# [INFORMATION]
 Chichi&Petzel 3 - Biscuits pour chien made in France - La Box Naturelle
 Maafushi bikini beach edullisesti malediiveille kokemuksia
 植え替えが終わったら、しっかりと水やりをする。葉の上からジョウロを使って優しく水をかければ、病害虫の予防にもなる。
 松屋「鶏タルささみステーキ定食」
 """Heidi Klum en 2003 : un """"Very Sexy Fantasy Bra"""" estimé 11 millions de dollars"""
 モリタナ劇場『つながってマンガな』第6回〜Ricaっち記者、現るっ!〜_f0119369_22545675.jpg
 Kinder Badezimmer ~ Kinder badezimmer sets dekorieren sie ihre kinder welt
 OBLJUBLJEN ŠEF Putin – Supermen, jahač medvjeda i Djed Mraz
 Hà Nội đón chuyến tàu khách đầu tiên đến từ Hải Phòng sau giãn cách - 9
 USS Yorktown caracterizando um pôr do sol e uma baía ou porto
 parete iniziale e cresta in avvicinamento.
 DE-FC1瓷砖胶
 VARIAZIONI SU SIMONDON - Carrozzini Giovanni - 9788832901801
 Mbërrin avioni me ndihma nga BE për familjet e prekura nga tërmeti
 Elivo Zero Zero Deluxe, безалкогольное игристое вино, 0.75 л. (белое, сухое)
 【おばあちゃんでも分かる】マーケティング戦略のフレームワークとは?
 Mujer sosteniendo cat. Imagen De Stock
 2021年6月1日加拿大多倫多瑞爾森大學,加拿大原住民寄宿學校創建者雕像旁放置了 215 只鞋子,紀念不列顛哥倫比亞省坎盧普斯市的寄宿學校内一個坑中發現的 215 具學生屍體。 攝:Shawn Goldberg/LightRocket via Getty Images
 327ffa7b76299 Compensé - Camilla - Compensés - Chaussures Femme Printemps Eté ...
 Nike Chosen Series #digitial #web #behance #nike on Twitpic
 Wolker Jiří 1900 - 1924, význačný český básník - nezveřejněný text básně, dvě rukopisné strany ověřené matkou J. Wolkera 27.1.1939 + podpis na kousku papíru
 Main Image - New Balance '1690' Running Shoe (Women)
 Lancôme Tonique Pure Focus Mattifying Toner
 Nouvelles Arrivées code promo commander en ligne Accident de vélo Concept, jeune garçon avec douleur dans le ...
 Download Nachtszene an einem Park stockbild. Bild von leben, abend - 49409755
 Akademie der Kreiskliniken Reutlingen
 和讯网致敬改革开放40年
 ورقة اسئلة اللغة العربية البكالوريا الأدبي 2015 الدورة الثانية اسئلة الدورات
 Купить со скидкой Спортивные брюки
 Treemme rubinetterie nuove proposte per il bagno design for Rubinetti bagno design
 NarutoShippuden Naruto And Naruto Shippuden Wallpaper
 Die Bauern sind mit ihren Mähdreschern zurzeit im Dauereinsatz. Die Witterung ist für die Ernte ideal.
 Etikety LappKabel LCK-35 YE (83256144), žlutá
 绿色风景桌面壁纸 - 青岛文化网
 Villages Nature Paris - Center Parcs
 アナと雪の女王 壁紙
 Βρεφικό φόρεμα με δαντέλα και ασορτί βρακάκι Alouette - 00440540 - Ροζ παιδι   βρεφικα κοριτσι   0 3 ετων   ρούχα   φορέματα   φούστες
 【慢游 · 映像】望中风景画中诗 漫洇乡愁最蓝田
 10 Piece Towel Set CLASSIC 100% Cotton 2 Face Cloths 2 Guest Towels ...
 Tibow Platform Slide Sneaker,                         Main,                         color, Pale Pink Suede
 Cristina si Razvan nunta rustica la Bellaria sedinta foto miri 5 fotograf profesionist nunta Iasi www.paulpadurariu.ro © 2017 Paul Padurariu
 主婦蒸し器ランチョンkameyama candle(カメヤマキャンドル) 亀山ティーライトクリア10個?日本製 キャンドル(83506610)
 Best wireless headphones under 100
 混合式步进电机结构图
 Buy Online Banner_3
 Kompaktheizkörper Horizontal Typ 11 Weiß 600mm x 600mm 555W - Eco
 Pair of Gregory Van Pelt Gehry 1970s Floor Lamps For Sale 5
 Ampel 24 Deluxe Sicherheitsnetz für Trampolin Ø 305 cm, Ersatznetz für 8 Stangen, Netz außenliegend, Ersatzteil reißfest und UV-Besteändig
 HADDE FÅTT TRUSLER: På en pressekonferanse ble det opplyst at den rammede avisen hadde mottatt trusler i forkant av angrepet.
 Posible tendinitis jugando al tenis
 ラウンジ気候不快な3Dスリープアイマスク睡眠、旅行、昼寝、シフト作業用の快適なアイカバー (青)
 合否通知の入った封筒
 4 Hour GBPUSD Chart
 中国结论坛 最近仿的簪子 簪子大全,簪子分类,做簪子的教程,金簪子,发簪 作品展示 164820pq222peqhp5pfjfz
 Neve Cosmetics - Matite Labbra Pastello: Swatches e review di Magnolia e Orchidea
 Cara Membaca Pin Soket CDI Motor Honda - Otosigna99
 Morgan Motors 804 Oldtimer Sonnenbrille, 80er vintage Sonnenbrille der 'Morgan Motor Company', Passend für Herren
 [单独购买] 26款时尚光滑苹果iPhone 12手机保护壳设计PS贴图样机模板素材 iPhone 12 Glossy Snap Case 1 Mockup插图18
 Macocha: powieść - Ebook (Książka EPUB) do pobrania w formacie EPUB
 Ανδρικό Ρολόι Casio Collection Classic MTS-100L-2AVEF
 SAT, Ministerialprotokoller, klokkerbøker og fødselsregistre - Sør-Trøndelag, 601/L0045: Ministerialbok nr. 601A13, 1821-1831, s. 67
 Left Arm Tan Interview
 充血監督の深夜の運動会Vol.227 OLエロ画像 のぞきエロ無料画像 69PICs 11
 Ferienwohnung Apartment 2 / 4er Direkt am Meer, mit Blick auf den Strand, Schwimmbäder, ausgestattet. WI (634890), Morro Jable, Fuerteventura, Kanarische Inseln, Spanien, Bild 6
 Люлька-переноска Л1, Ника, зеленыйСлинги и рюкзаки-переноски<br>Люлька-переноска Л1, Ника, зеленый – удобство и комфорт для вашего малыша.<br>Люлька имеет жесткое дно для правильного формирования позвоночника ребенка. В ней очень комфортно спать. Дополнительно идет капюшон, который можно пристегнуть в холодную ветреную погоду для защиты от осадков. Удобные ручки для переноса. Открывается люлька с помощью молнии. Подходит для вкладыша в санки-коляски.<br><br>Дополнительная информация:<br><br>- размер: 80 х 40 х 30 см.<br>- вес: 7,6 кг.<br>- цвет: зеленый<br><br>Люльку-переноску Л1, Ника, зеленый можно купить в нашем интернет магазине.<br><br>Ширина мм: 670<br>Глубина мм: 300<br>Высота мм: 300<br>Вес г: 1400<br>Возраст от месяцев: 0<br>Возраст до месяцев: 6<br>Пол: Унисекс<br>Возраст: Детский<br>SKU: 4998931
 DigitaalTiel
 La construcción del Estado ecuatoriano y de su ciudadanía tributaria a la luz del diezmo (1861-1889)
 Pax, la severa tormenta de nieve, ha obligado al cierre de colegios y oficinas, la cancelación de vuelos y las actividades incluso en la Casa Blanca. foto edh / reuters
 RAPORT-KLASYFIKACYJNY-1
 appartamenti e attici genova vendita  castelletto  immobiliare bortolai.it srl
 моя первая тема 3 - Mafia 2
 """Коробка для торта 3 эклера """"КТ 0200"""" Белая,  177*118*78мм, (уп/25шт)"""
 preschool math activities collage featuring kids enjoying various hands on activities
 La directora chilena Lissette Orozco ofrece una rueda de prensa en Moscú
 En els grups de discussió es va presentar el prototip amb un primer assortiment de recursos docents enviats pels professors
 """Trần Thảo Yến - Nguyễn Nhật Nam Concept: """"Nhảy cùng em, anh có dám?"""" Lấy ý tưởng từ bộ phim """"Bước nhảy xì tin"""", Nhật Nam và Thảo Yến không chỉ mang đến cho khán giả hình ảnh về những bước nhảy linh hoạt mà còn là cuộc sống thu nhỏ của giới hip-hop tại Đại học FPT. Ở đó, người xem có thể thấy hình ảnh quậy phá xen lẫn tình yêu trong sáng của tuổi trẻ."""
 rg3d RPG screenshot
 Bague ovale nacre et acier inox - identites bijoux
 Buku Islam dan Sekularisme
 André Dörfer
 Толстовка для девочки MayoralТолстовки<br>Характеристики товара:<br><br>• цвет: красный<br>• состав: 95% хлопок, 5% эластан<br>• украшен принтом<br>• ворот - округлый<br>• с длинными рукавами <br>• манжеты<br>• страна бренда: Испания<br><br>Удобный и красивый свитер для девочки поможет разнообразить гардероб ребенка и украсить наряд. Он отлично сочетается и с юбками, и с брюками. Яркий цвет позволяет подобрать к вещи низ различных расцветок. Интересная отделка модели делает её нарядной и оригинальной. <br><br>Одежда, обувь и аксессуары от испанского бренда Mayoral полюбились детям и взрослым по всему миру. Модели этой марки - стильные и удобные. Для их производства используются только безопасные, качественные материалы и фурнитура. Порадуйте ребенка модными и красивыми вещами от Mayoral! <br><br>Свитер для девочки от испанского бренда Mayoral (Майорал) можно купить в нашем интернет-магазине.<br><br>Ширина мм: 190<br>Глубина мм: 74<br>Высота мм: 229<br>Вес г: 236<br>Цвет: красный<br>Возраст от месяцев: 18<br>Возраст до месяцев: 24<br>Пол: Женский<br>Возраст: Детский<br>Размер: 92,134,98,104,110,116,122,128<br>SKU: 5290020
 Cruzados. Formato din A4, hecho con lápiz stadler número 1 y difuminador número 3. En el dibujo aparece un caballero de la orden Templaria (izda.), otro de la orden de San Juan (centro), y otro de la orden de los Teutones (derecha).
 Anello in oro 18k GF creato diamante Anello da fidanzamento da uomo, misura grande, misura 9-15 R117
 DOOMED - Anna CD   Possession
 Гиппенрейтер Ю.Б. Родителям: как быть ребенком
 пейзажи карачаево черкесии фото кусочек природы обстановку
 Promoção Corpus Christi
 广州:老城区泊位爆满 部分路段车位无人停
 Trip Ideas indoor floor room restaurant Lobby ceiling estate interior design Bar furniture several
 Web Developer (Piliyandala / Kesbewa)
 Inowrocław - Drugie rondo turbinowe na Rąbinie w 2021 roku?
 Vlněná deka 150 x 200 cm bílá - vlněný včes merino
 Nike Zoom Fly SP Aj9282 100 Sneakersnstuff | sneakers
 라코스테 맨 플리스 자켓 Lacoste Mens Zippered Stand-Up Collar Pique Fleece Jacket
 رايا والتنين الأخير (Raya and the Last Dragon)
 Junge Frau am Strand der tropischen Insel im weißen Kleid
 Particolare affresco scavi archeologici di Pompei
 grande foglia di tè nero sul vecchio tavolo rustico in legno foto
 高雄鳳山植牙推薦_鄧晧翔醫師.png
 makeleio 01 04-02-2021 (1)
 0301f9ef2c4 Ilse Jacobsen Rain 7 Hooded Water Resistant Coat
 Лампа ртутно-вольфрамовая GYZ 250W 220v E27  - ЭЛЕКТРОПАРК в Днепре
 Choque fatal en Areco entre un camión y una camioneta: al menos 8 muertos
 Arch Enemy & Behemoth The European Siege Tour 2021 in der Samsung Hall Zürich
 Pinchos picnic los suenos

# [ASSIGNED TASK]
What is needed is an exact copy of the lines from the one containing "0301f9ef2c4 Ilse Jacobsen" through the final line of the data, both included, and nothing more.

# [RESPONSE FOR THIS EXERCISE]
 0301f9ef2c4 Ilse Jacobsen Rain 7 Hooded Water Resistant Coat
 Лампа ртутно-вольфрамовая GYZ 250W 220v E27  - ЭЛЕКТРОПАРК в Днепре
 Choque fatal en Areco entre un camión y una camioneta: al menos 8 muertos
 Arch Enemy & Behemoth The European Siege Tour 2021 in der Samsung Hall Zürich
 Pinchos picnic los suenos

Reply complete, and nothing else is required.